Table 9-1 The DataSet Object's Embedded Serialization API
|GetXml||Returns an XML representation of the data currently stored in the DataSet object. No schema information is included.
|GetXmlSchema||Returns a string that represents the XML schema information for the data currently stored in the object.
|ReadXml||Populates the DataSet object with the specified XML data read from a stream or a file. During the process, schema information is read or inferred from the data.
|ReadXmlSchema||Loads the specified XML schema information into the current DataSet object.
|WriteXml||Writes out the XML data, and optionally the schema, that represents the DataSet object to a storage mediumthat is, a stream or a file.
|WriteXmlSchema||Writes out a string that represents the XML schema information for the DataSet object. Can write to a stream or a file.
Note that GetXml returns a string that contains XML data. As such, it requires more overhead than simply using WriteXml to write XML to a file. You should not use GetXml and GetXmlSchema unless you really need to obtain the DataSet representation or schema as distinct strings for in-memory manipulation.

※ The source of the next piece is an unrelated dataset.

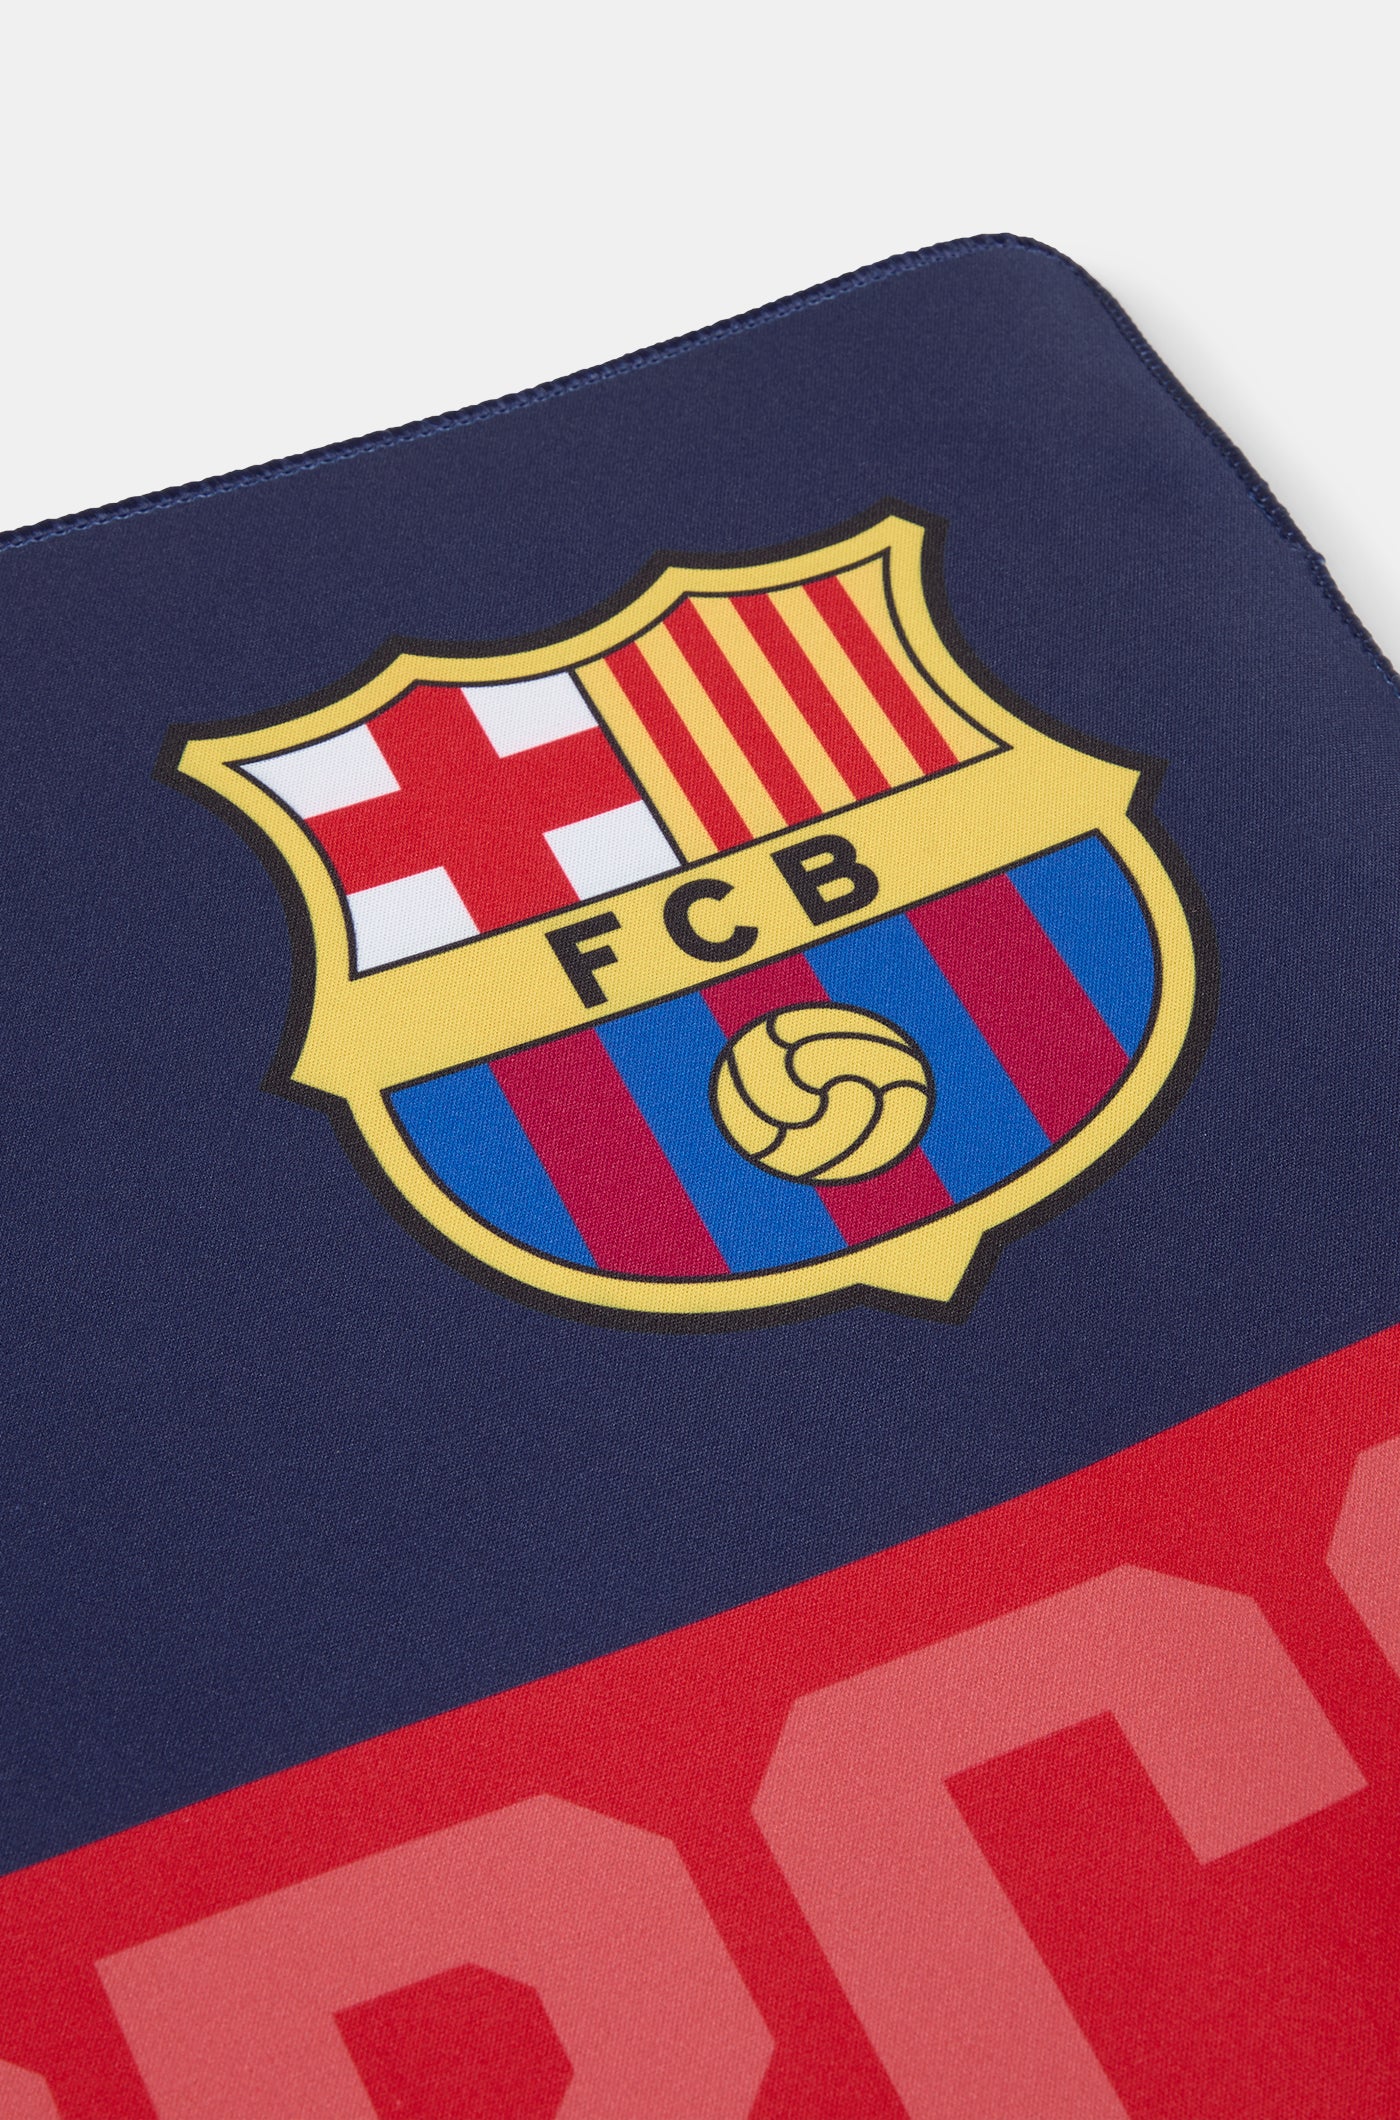 Maus-Pad XL FC Barcelona

The GetXmlSchema method returns the DataSet object's XML Schema Definition (XSD) schema; there is no way to obtain the DataSet object's XML-Data Reduced (XDR) schema.
As Table 9-1 shows, when you're working with DataSet and XML, you can manage data and schema information as distinct entities. You can take the XML schema out of the object and use it as a string. Alternatively, you could write the schema to a disk file or load it into an empty DataSet object. Alongside the methods listed in Table 9-1, the DataSet object also features two XML-related properties: Namespace and Prefix. Namespace specifies the XML namespace used to scope XML attributes and elements when you read them into a DataSet object. The prefix to alias the namespace is stored in the Prefix property. The namespace can't be set if the DataSet object already contains data.